By Aloysius  Chia
When the MDA announced recently that it had decided to ban the movie, ‘To Singapore, With Love’,about some dissidents from Singapore’s contentious early history, a tiresome ring seems to descend all over again upon what is all too familiar.
Given the subject material of the film, it seems that this is almost expected.
In banning films, there seems to reside the notion that such films (and others like it) will cause a breakdown in society. It will radicalize some people, it is claimed, or it will give those who have radical dreams a renewed sense of pride about themselves. It is afraid that a new generation will be enthralled once again to a movement that has come to pass.
Many things seem to be going on all at once. Part of what goes on with the usual explanation is the idea that the ordinary viewer is unable to come to terms with history, the idea that a film will taint the lens in which the viewer will see his or her own history.
Such premature views often rest upon a simplistic view of human behaviour that not only caricatures it to the point of being a mere receptacle, it seems eager to want to take such a point of view as well. Such a point of view, as viewed by the authorities.
But the ordinary viewer, if too young to have even experienced such events in early history or were of age but did not take part, knew or cared for these activities, can only reflect so much. What is there to reflect when there is nothing to remember, or there is too little remembered for one to have forgotten what has gone before?
Many of us were not taught  the real history of Singapore. In our Social Studies textbooks, a narrative of early economic development is given full treatment, overshadowing the contentious aspects of social and political history.
When learning about the phenomenal strides that early Singapore had made in pursuit of development, many of the trade-offs and difficulties that had to deliberated, in economic choices, race relations, cultural choices, as a result of geopolitical influences, were artificially smoothed out.

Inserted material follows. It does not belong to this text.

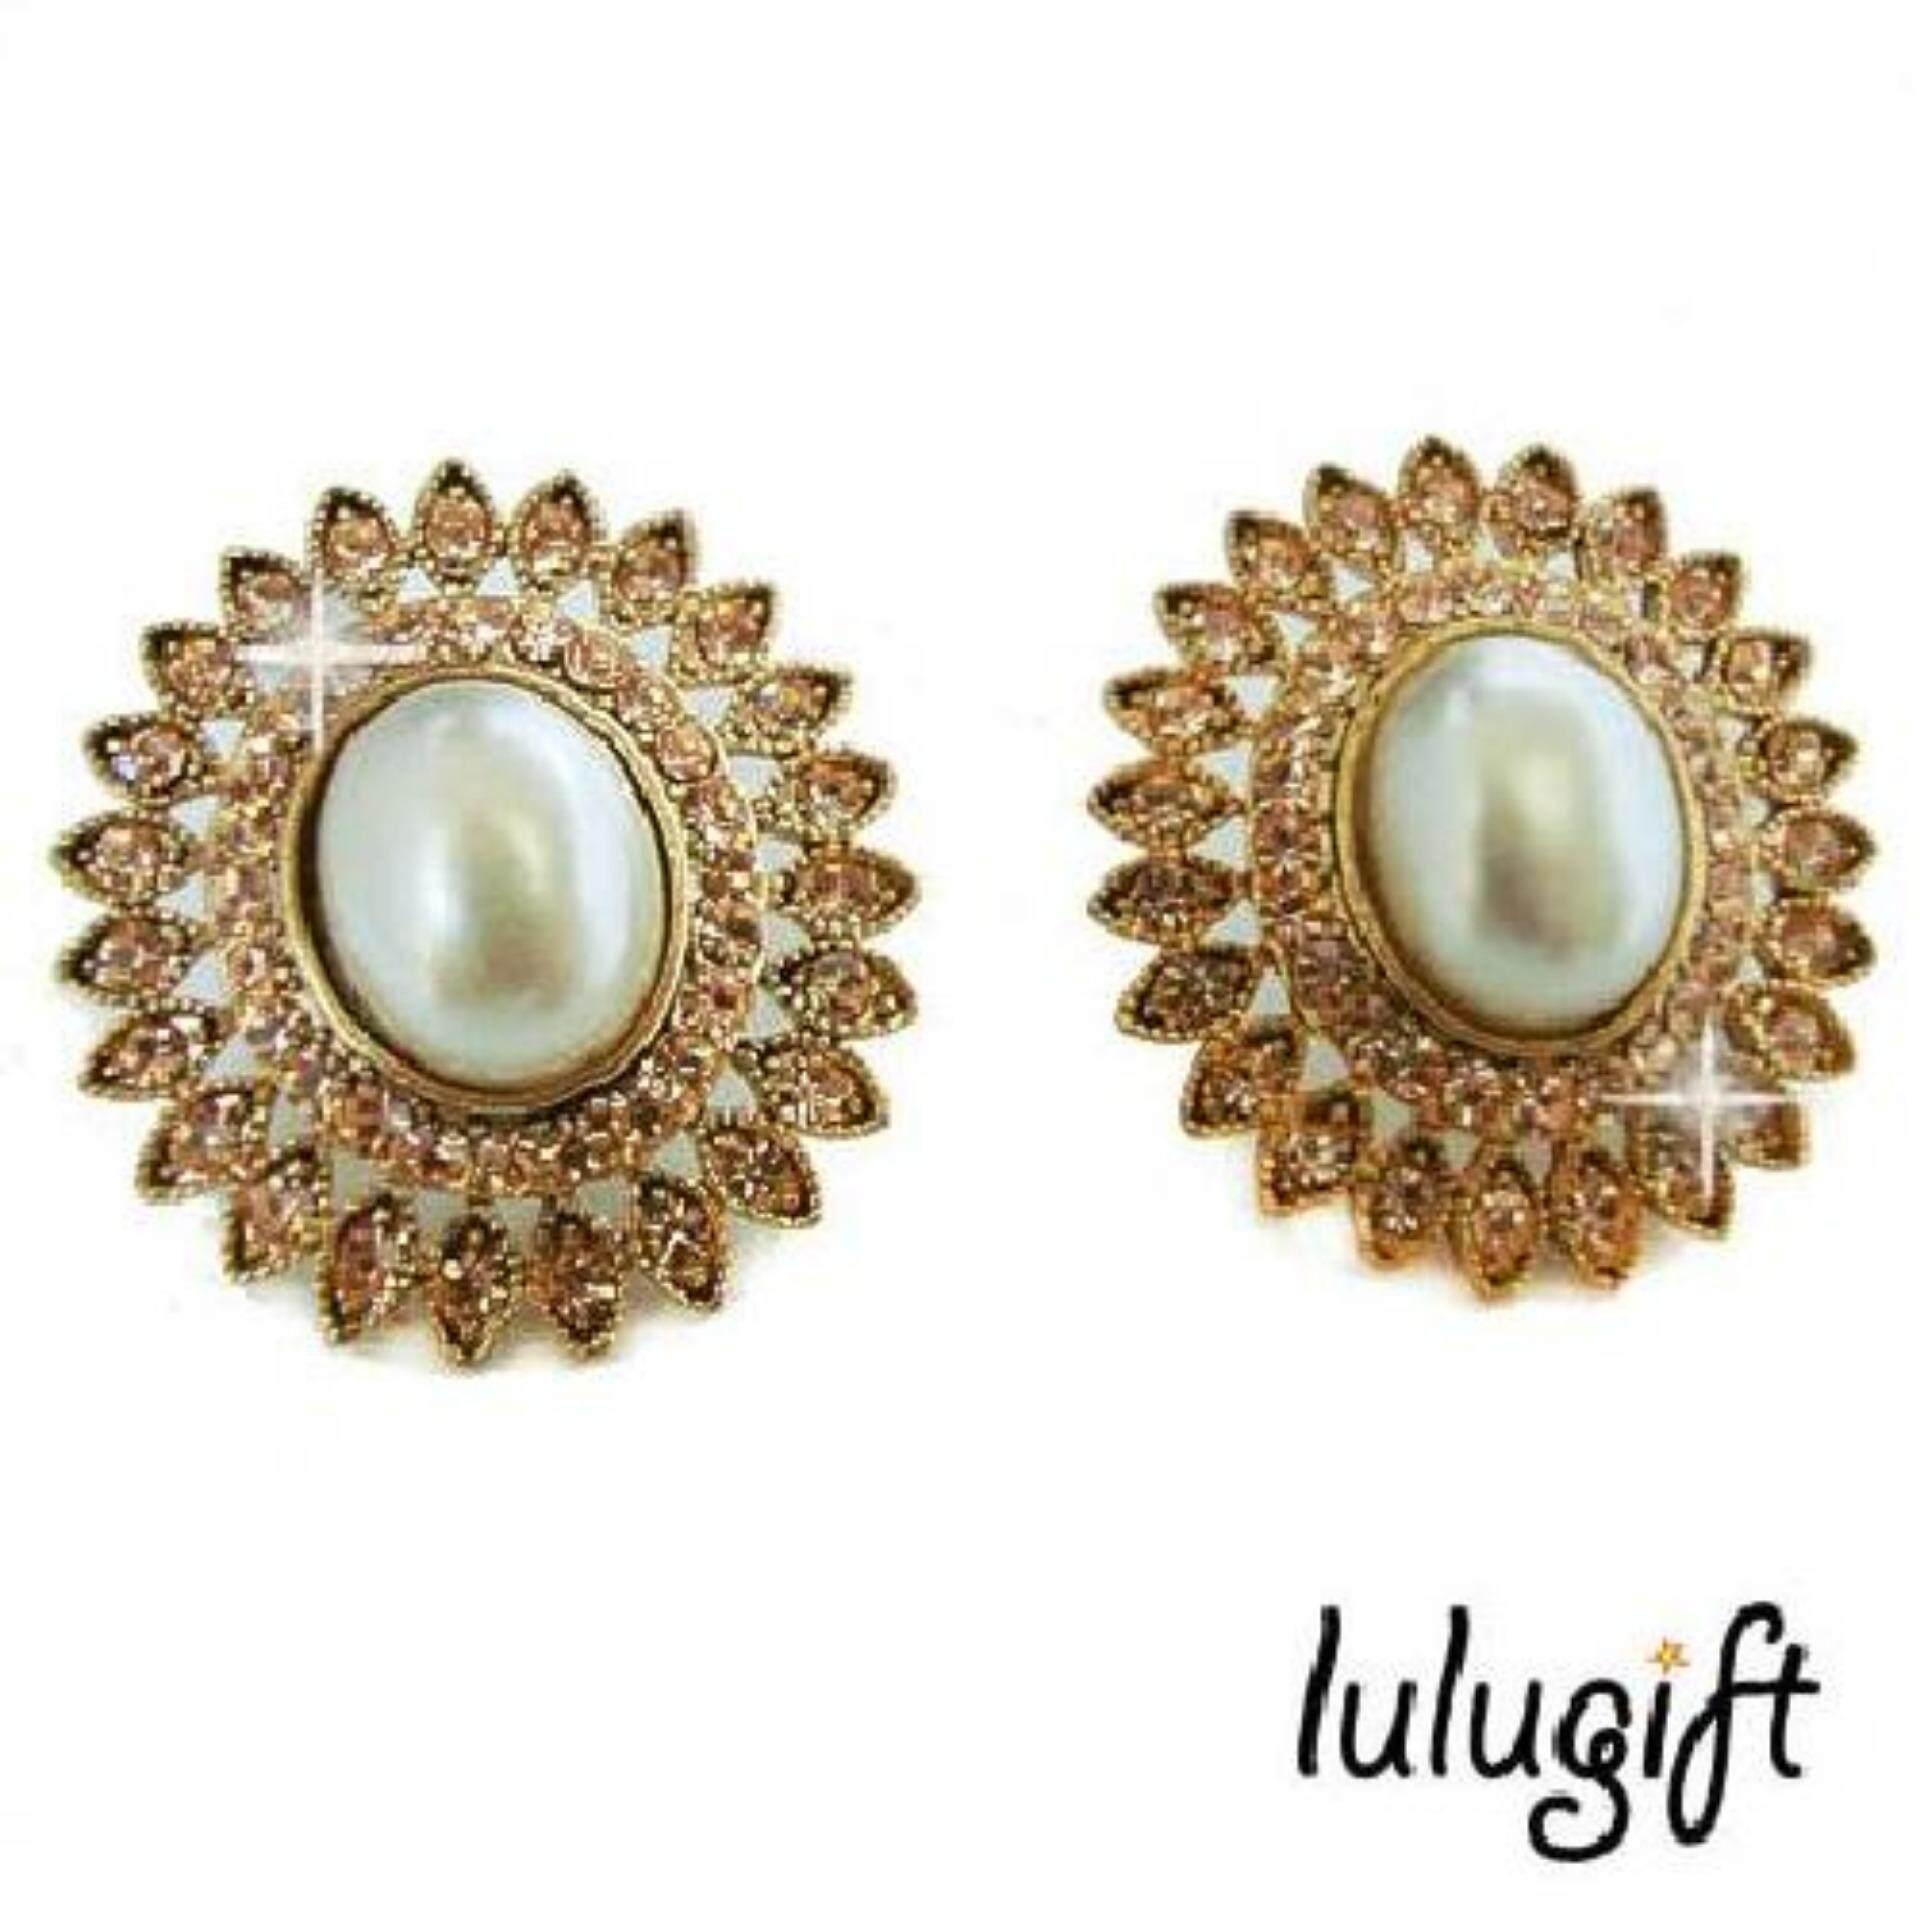 e01d84f85 Lulugift European Design Beautiful Sun Flower Pearl Swarovski Earring e2309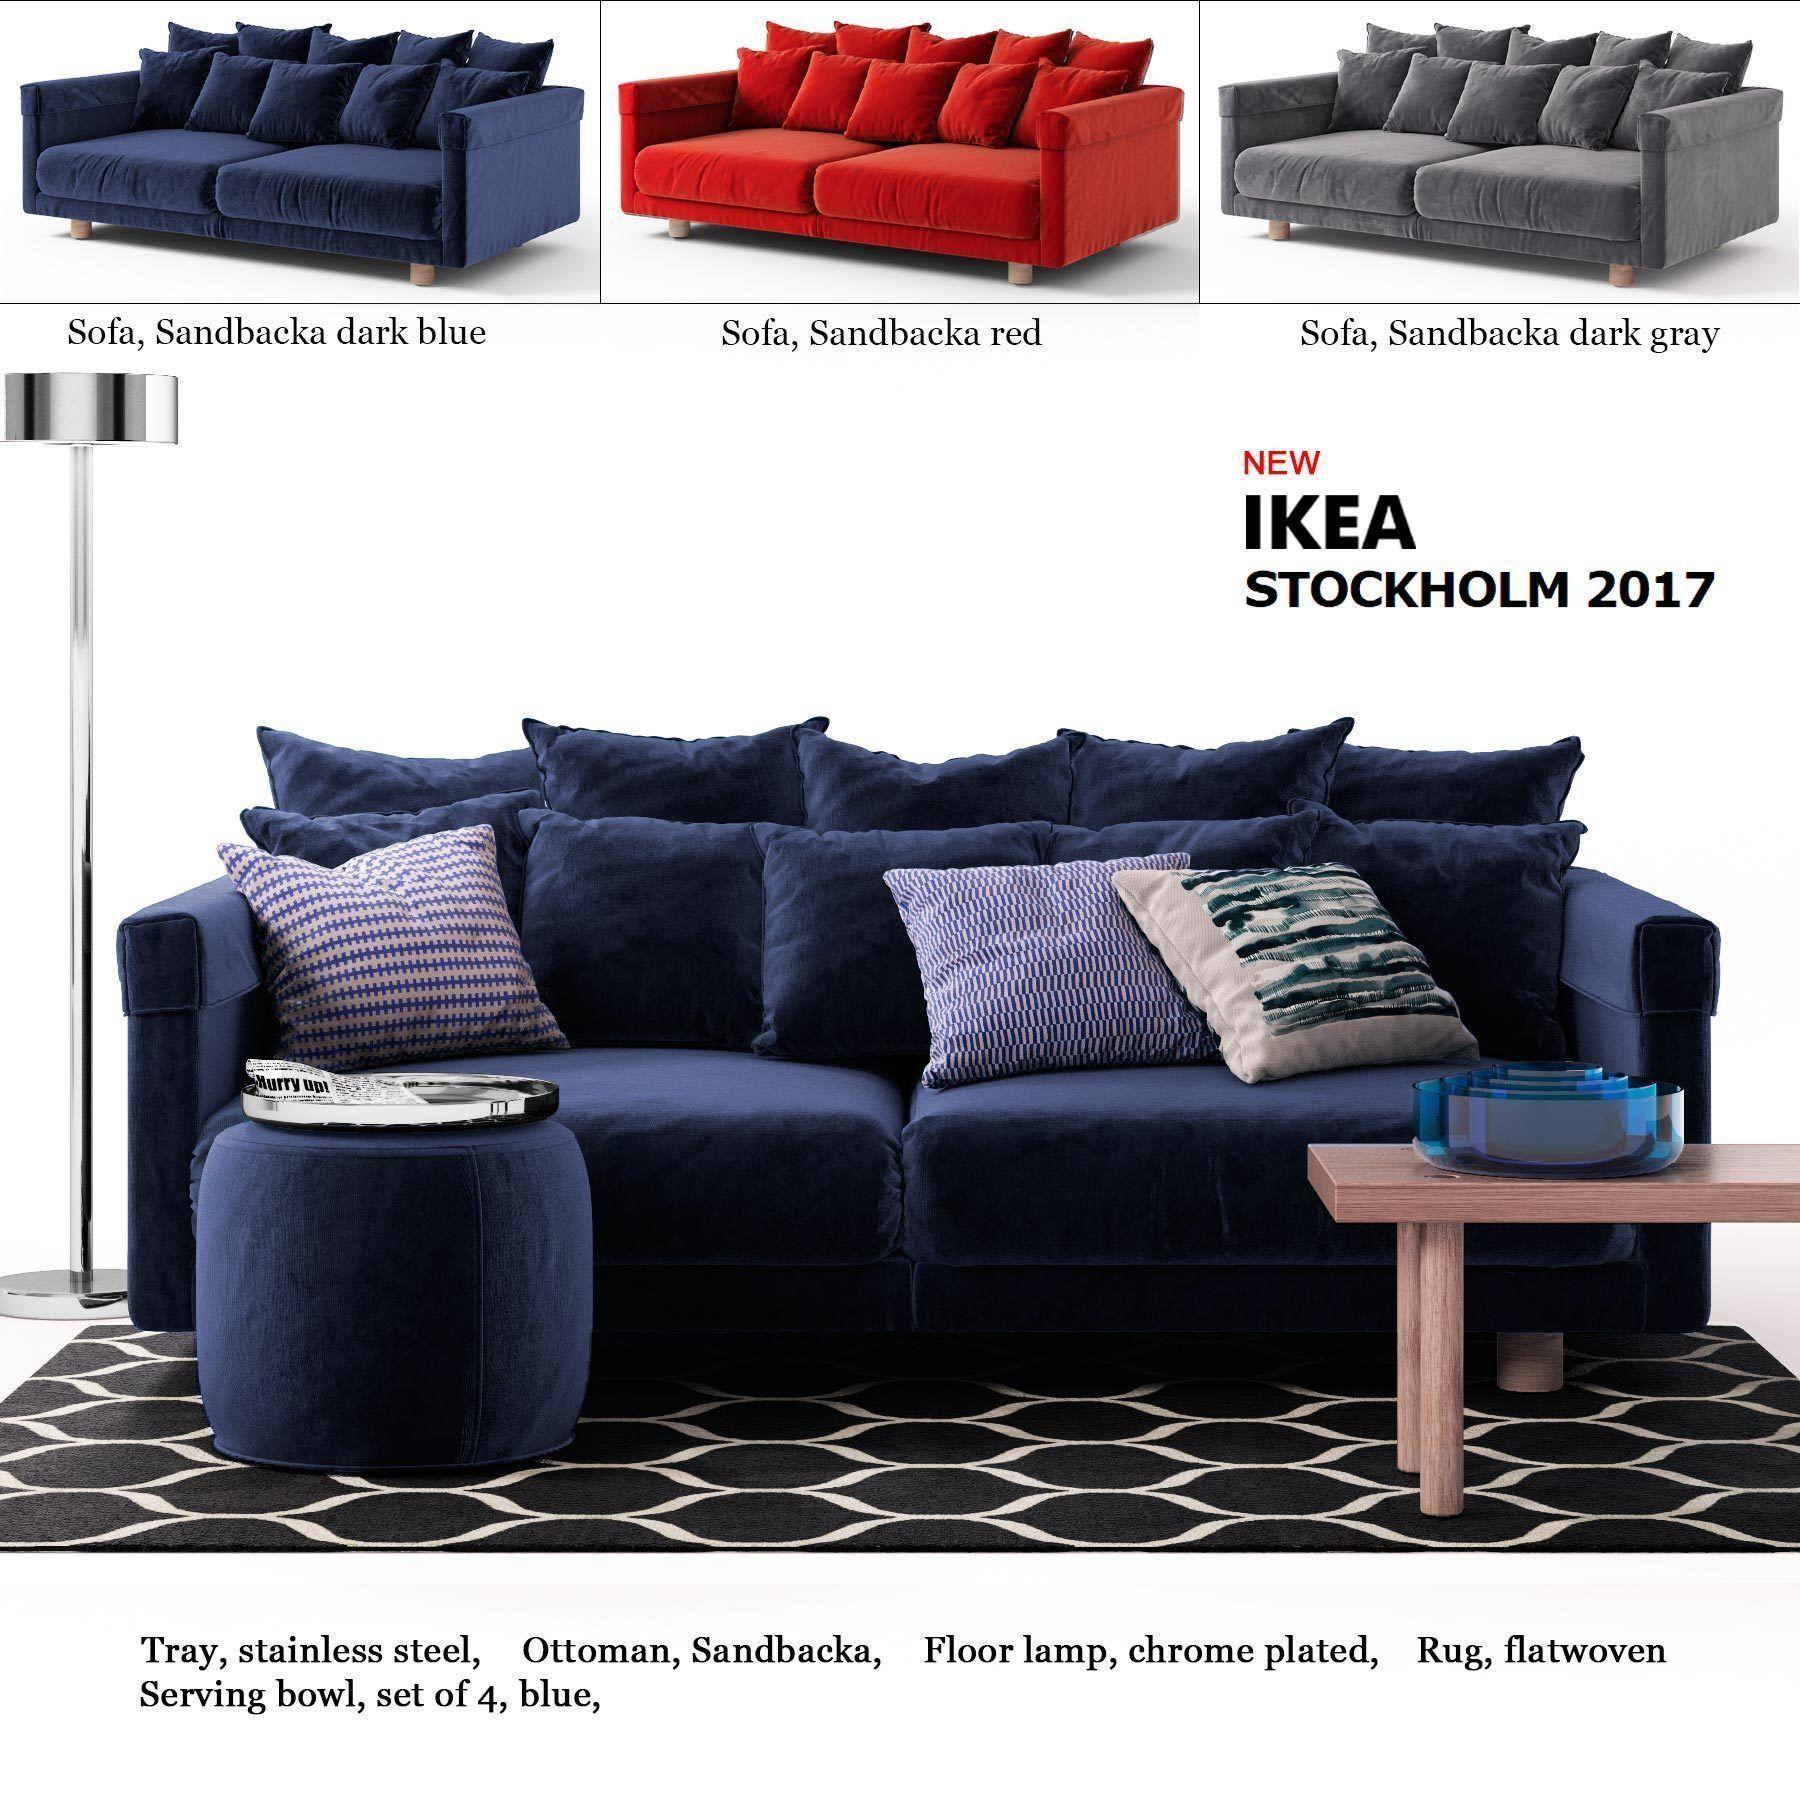 Sofa Ikea Stockholm 2017 Model

As a result of a bureaucratic view of human relations, the colours of history were made monochrome, memory turned singular, all in a desperate search for the one restricted teleology and nothing else. Because history had to fit into this instrumental purpose, all the more had it to be forced and maintained in public order.
But nothing seems to prove more precisely the fear, hesitation and inhibitions of the politicians and bureaucrats than those who choose this manner of restricting information. Contrary opinions and content are taken literally, as though screening or allowing them to be sold will itself cause upheaval.
Perturbed by the possibility that people can think and critique through works of interpretation, they act drastically. Crippled that their own views could be undermined in the face of more acute and nuanced understanding, they become anxious. Afraid for their own traditions, they take the radical step of purging material.
In other words, the censors are as radical as those they claim to be dealing with. They are a different form of radicalism.
There is nothing more tragic to those who hold on to the view that censorship will resolve historical truths than the fact that this method is never stable in the first place. Like race that is used to identify individuals in their Identity Cards, they are but a temporary impression. They do nothing but give a superficial understanding of what is a surface view.
Questions will emerge; curiosity will continue to take hold for future generations that are not satisfied with an incomplete knowledge, a linear stipulation of pure simplified history, a beatification of economic progress at the expense of social and political history.
For those who look back and think, there will be many questions that arise as a result of all the gaps in history that have been taught (at least during secondary school). All the opportunities that have resulted from the films and books that have been denied a general audience will stand in good stead as exactly the area to fill those gaps.
That is why censorship is self-defeating: it reveals exactly what is most important to it by censoring it. There must be something about this aspect of history that is so crucial, contentious and edifying that needs to be discovered, that it had to be censored.
But perhaps the real problem lies with those who believe in censorship as a tool. Their fear comes from themselves. They are beset by irrational notions of other people’s interpretations. They delude themselves that just because they have censored, those interpretations can be forgotten and everything else conformed.
Fortunately, history is permanent. People will continue to want to discover their own past for a different age. They will want a stronger account as the past diminishes further into the horizon. In this instance, no amount of censorship will ever suppress this desire. No amount of censorship can pretend that nothing has happened.